Someone else correct me on these numbers if I'm wrong:
Intel Pentium 4 = 2 IPC
Intel Core architecture = 4 IPC
AMD K8 = 3 IPC
This works both ways. In the days of Pentium 4, you'd see higher clocked P4s get outperformed by lower clocked AMD CPUs.
Be careful that you don't buy into oversimplifications. While that is true using one way of interpreting peak IPC, taken alone it's incredibly misleading. For example, on
this benchmark, K8 sustains 3 x86 instructions per cycle, but the "wider" core 2 can only do about 2.3 x86 instructions per cycle. It's a simple program too. Core 2 probably has a different mix of functional units available (for example, K8 has 3 ALUs and 3 AGUs), which just don't map well to the instruction mix of this benchmark. Alternately, the instructions used in that benchmark might cost multiple instruction "slots" in Core 2's microarchitecture.

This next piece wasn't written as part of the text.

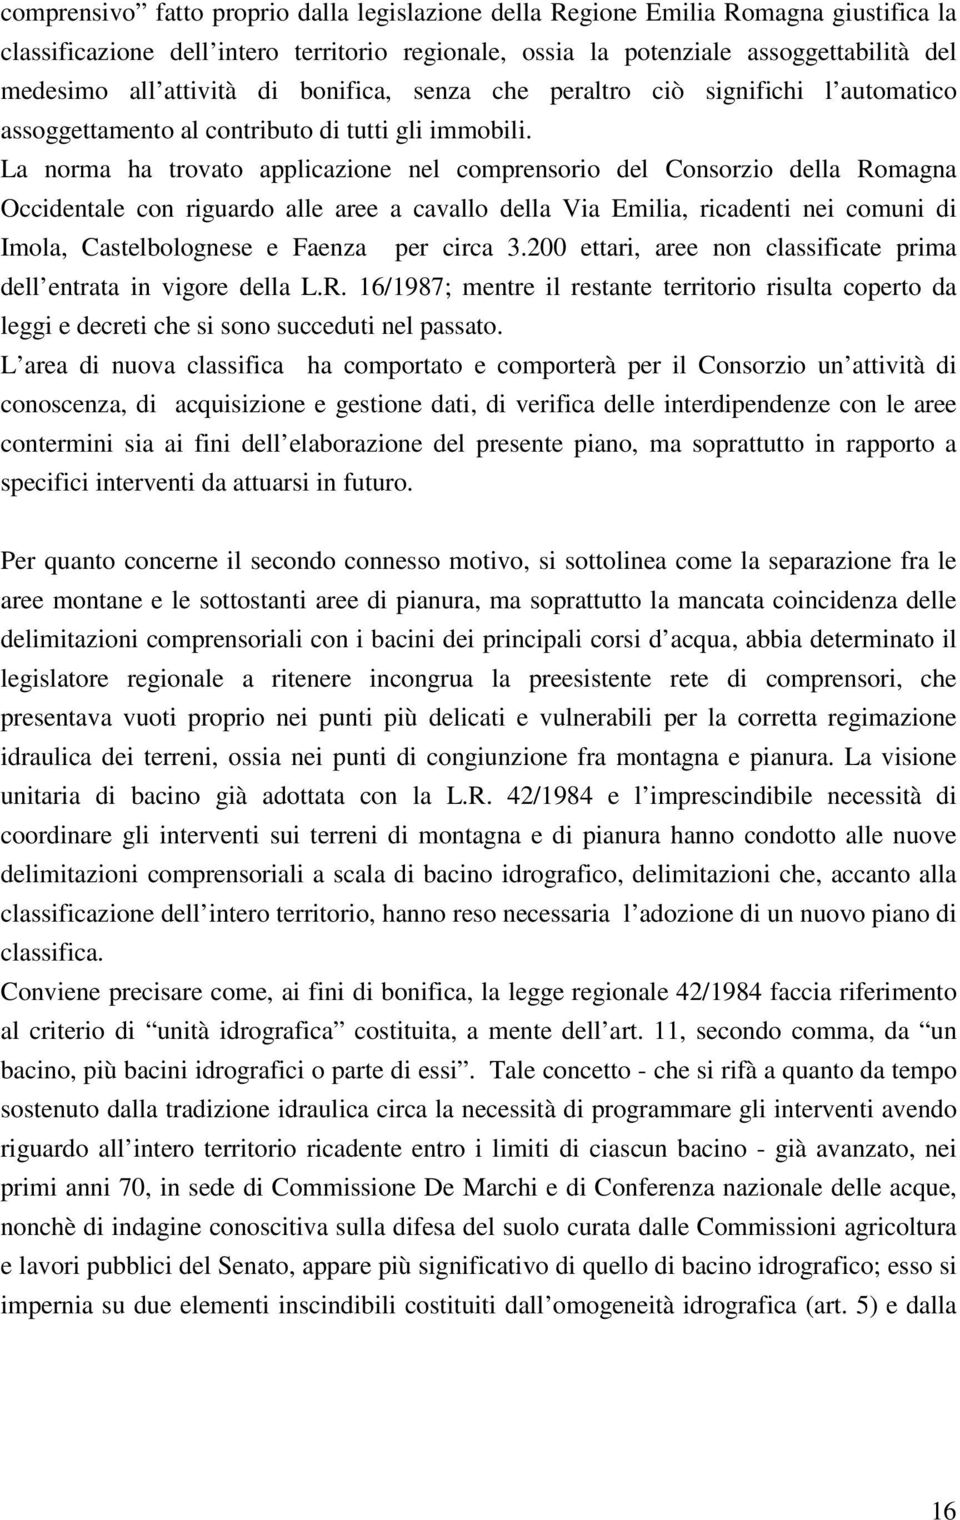 La norma ha trovato applicazione nel comprensorio del Consorzio della Romagna Occidentale con riguardo alle aree a cavallo della Via Emilia, ricadenti nei comuni di Imola, Castelbolognese e Faenza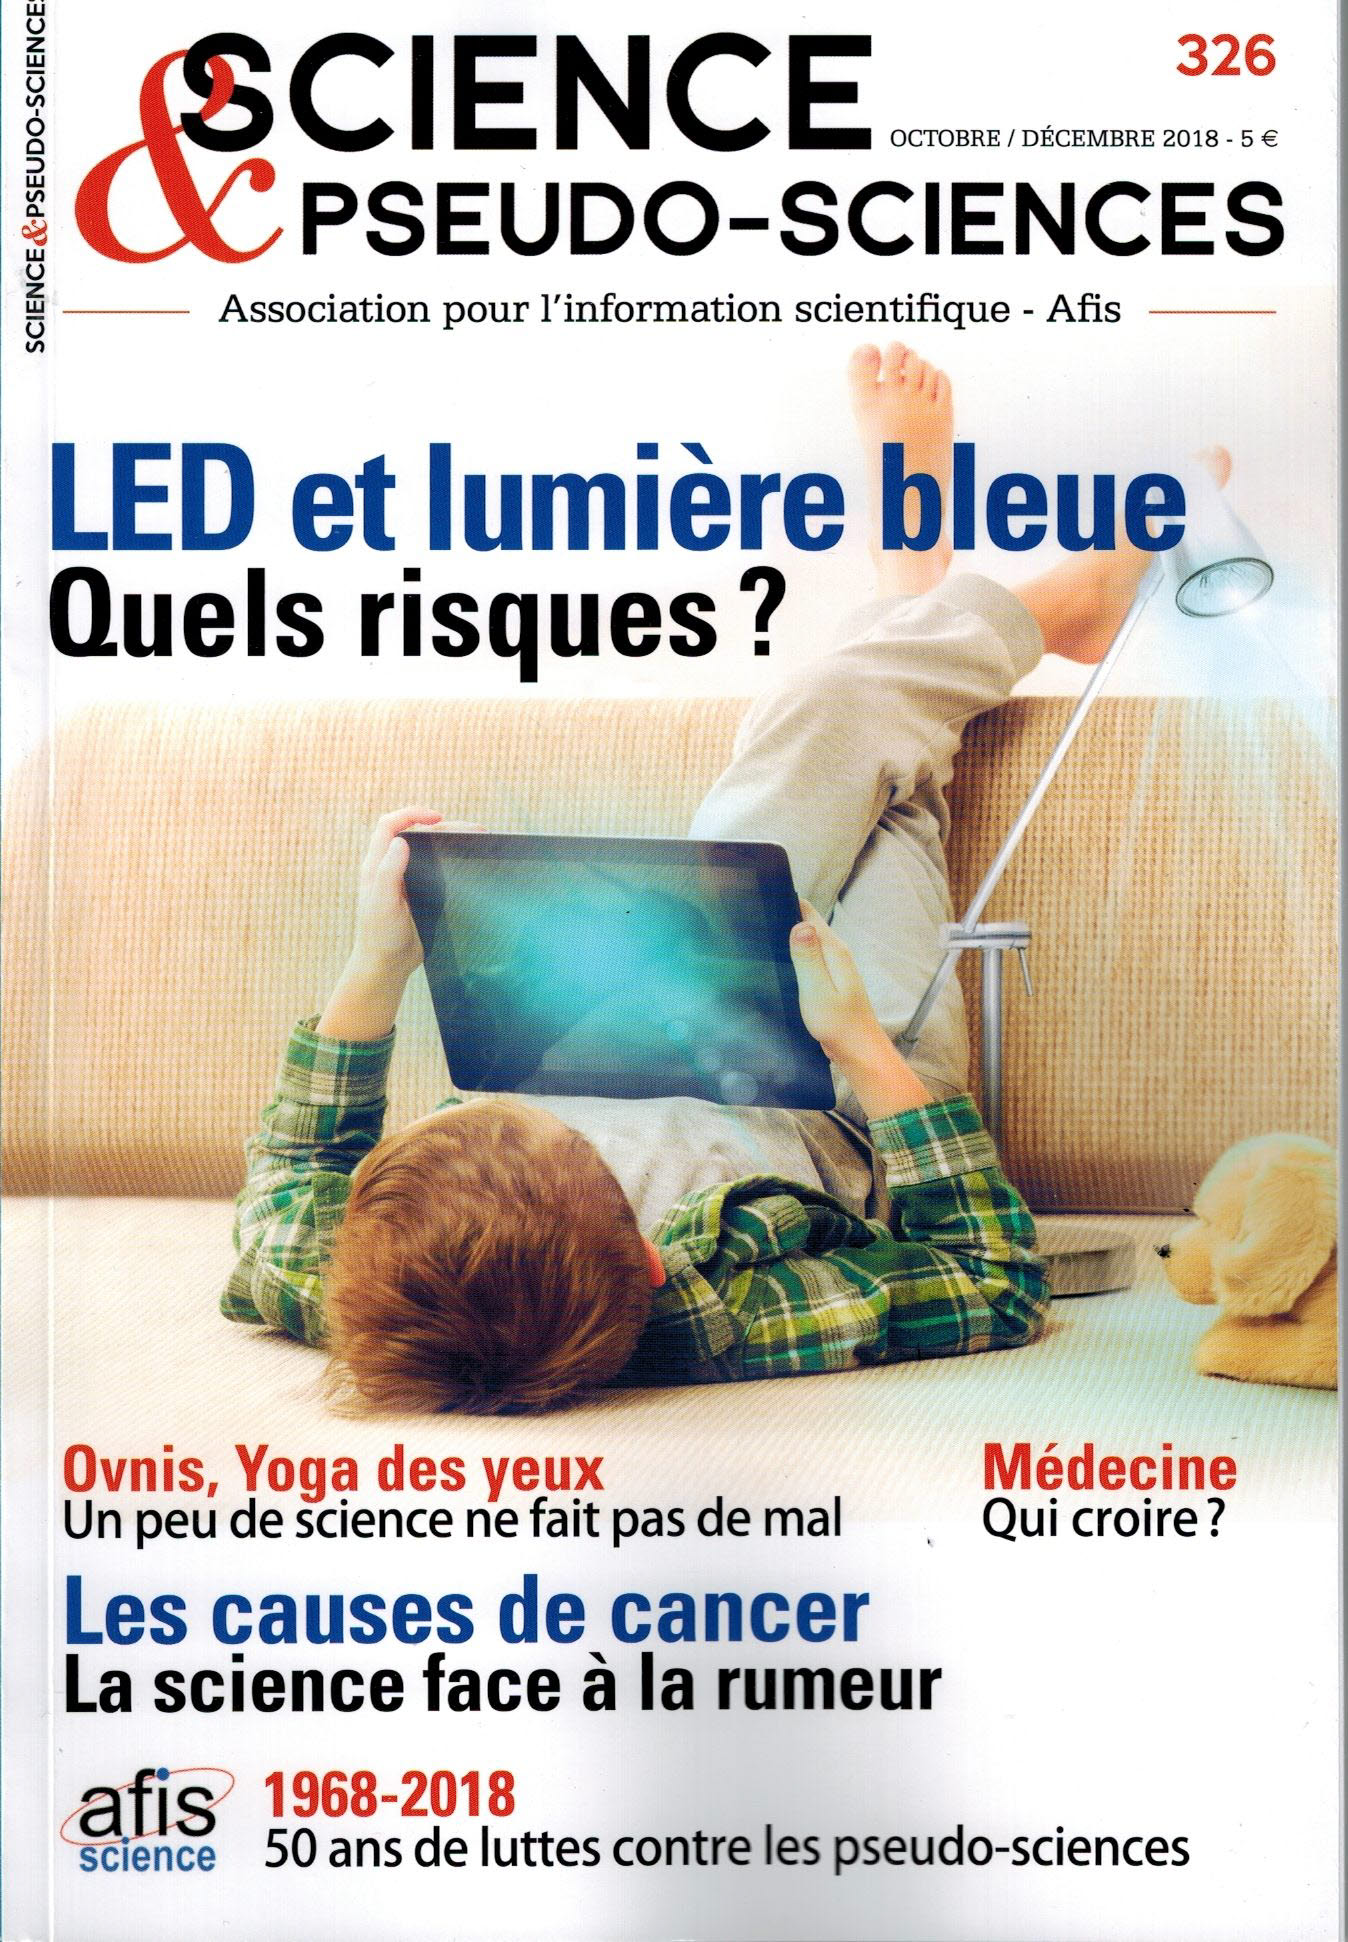 image 326 - LED et lumière bleue - Quels risques ?

That bit is particularly tricky, since the 4/5 uop wide parts of Core 2 are counted using simpler uops than the 3 uop width of K8 is measured and some classes of instructions that fit in one K8 "uop" take multiple Core 2 "uops". I wrote a long post about this in another thread and copied it
here if you're interested in more details.
Just to be clear, I'm not disputing that Core 2 performs very well in many real-world applications - I'm arguing that looking at those supposed IPC / pipeline width numbers is a good way to come to a bad conclusion. In this case, it works out for many real-world benchmarks... but not everything. There's no guarantee that the next "3 wide" machine won't demolish Core 2, or that a future "6-wide" machine wouldn't be destroyed by a "narrower" machine. There's gotta be a reason that large businesses find Barcelona interesting - how wide is Barcelona, compared to the current Xeons or future penryn-derived ones?